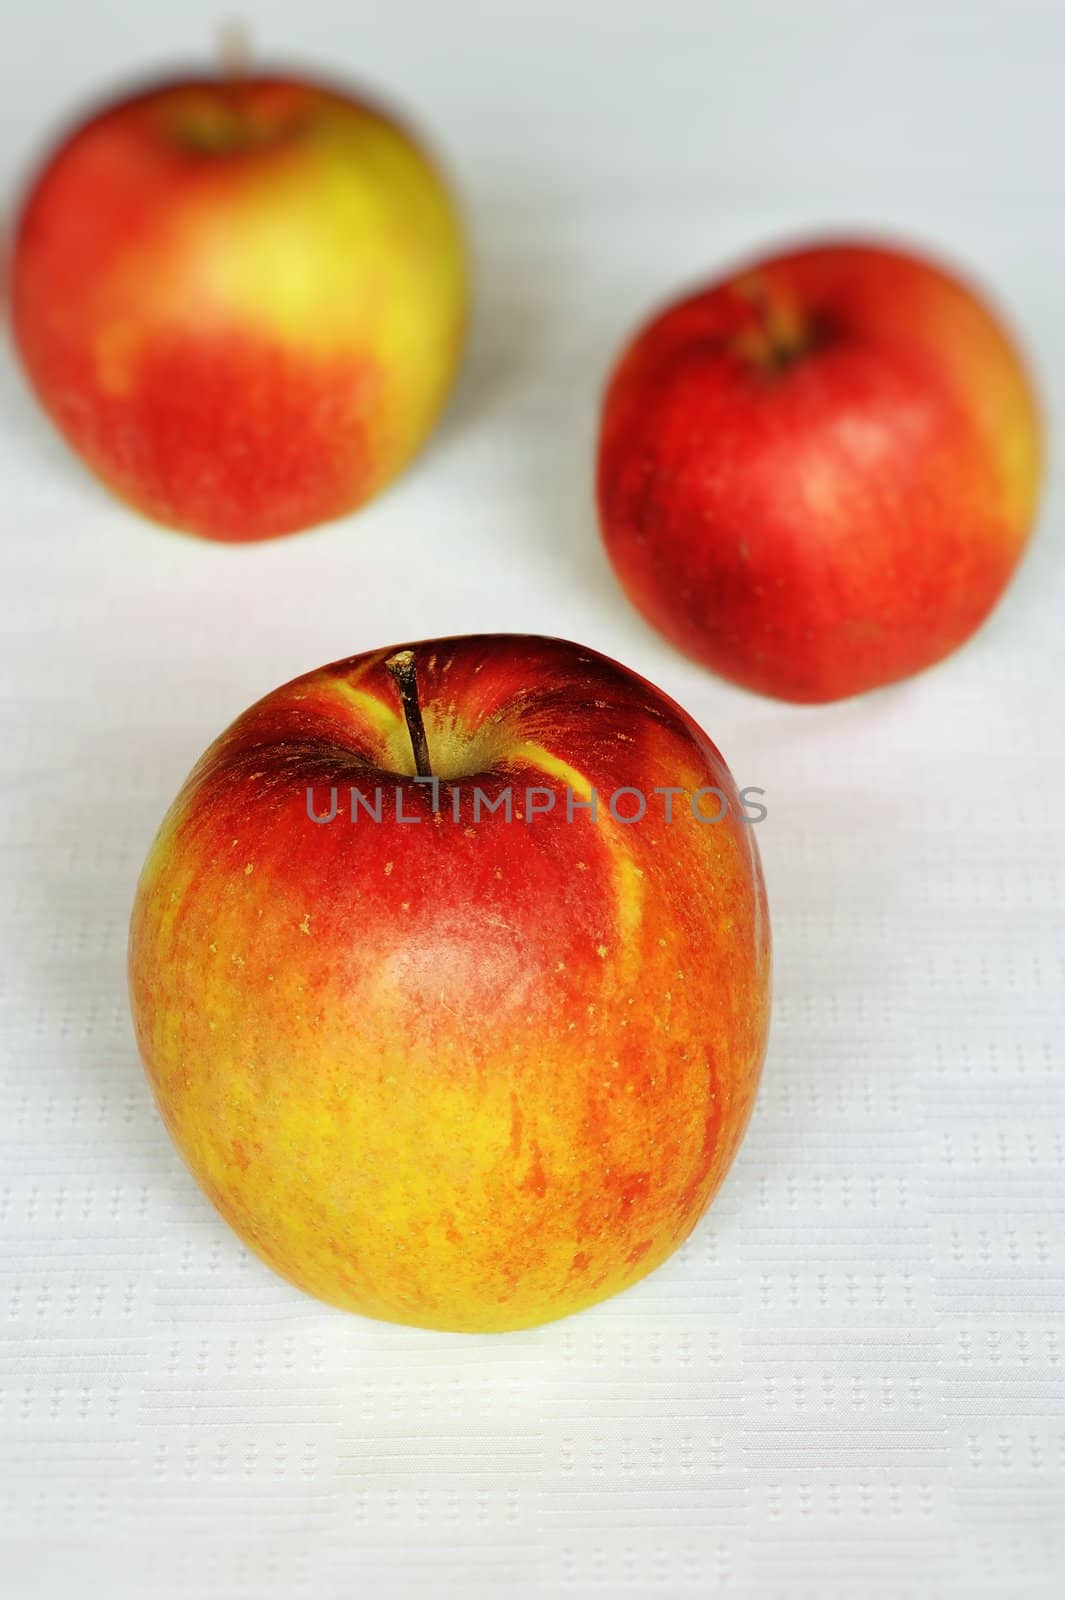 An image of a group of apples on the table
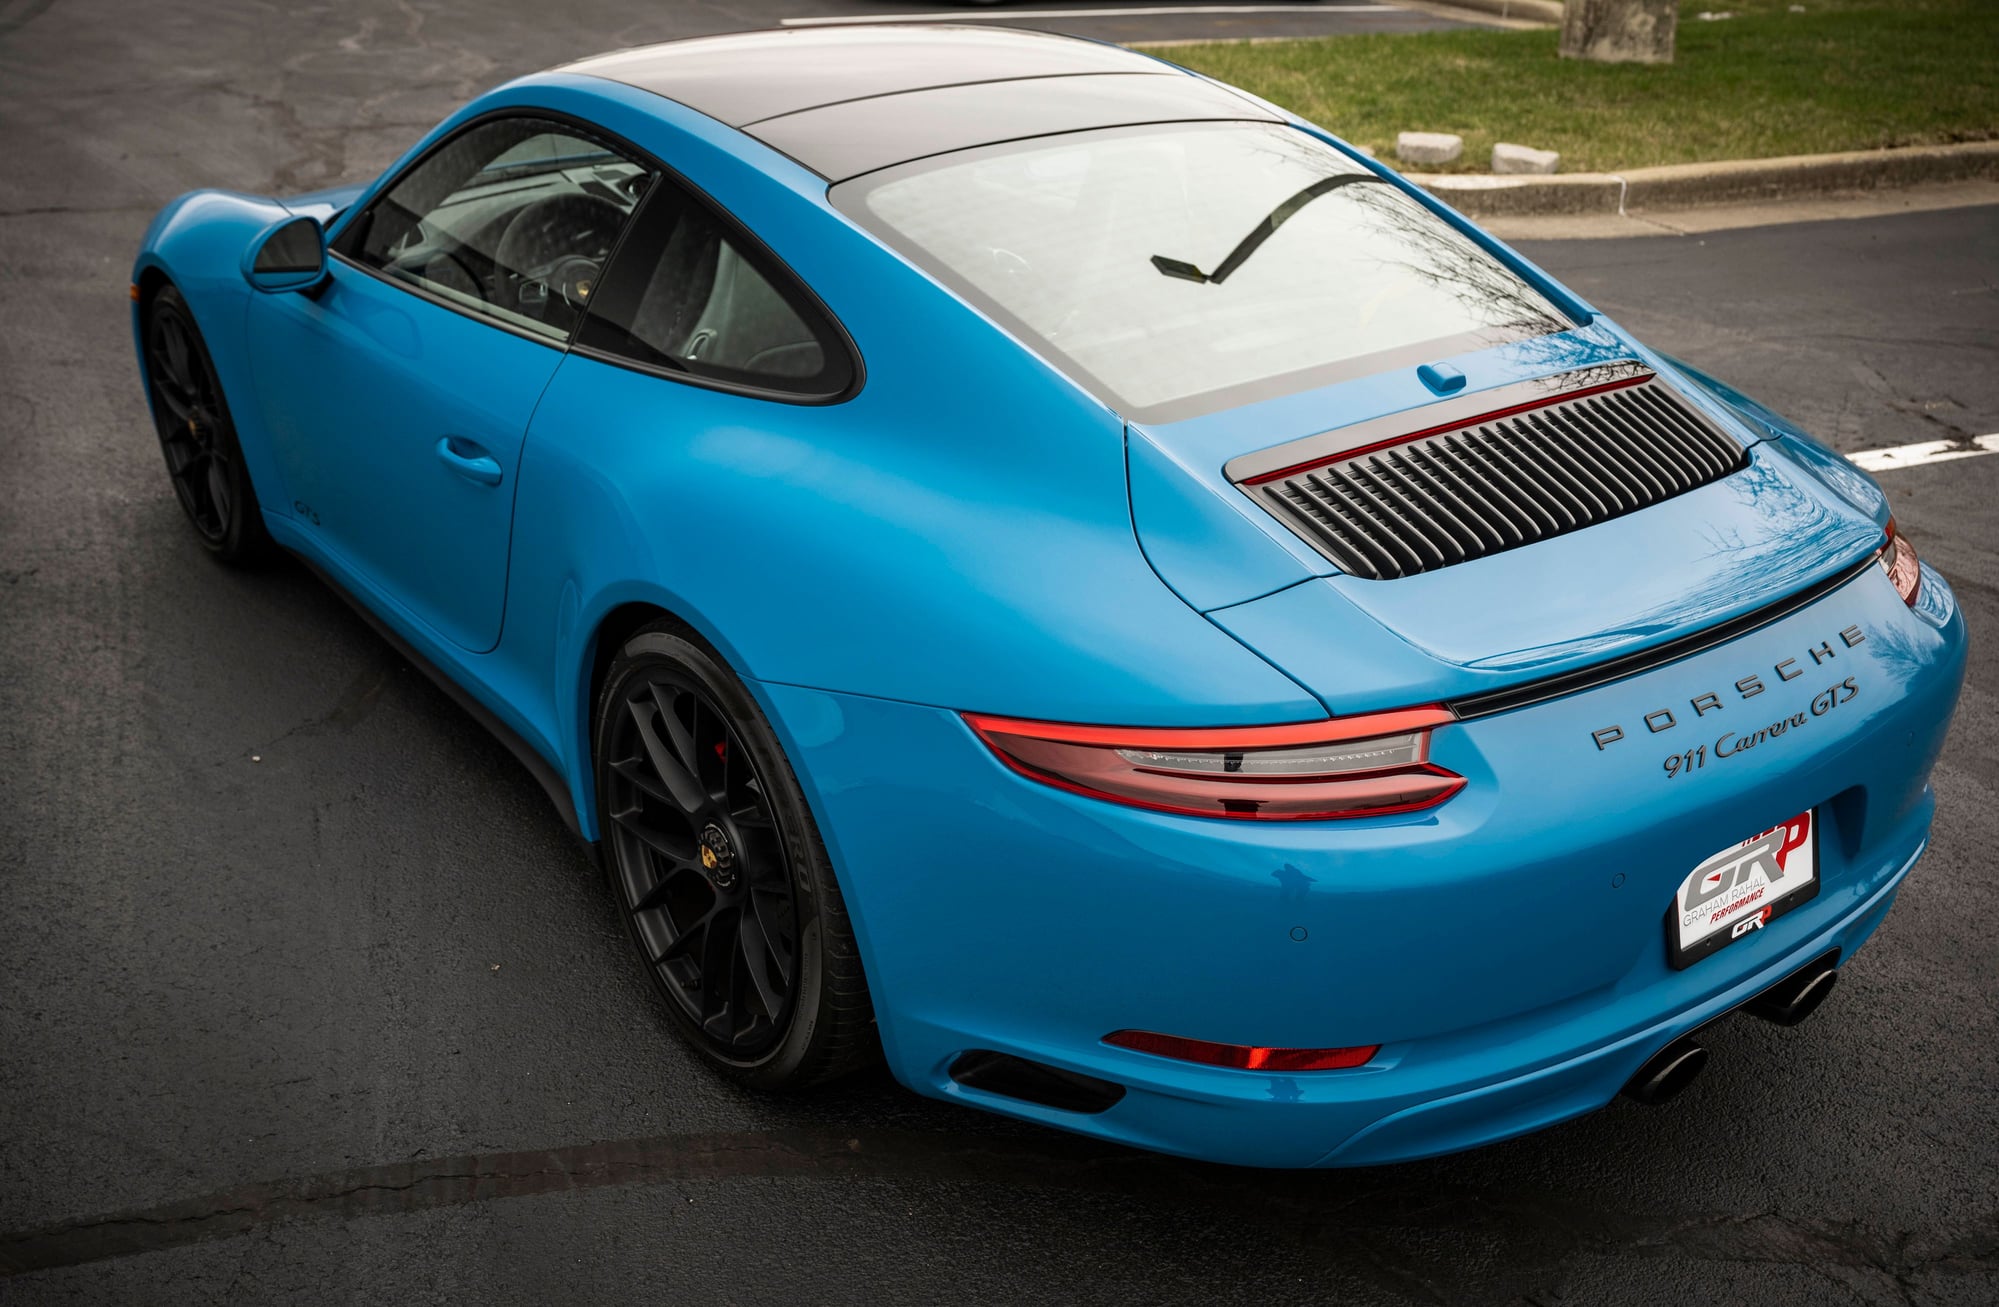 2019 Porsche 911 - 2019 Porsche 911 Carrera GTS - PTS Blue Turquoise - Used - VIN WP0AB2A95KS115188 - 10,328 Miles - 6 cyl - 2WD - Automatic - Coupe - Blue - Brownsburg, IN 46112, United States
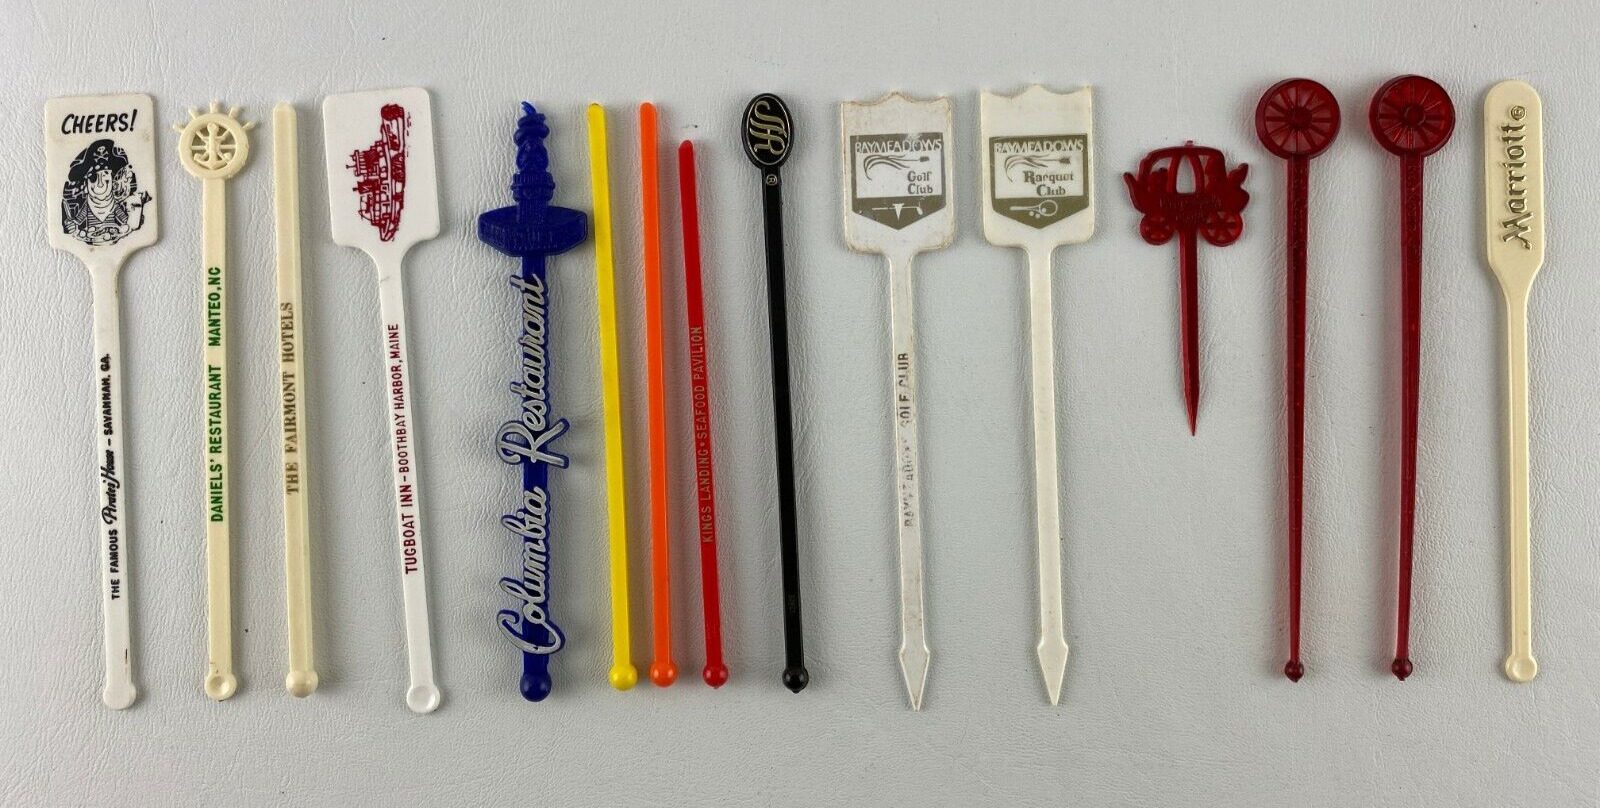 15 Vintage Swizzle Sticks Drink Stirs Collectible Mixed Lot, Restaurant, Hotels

______

### TASK DIRECTIONS:
Quote the listing above in full, except for the pictures.

### EXERCISE RESPONSE:
 An image of a group of apples on the table
 2019 Porsche 911 - 2019 Porsche 911 Carrera GTS - PTS Blue Turquoise - Used - VIN WP0AB2A95KS115188 - 10,328 Miles - 6 cyl - 2WD - Automatic - Coupe - Blue - Brownsburg, IN 46112, United States
 15 Vintage Swizzle Sticks Drink Stirs Collectible Mixed Lot, Restaurant, Hotels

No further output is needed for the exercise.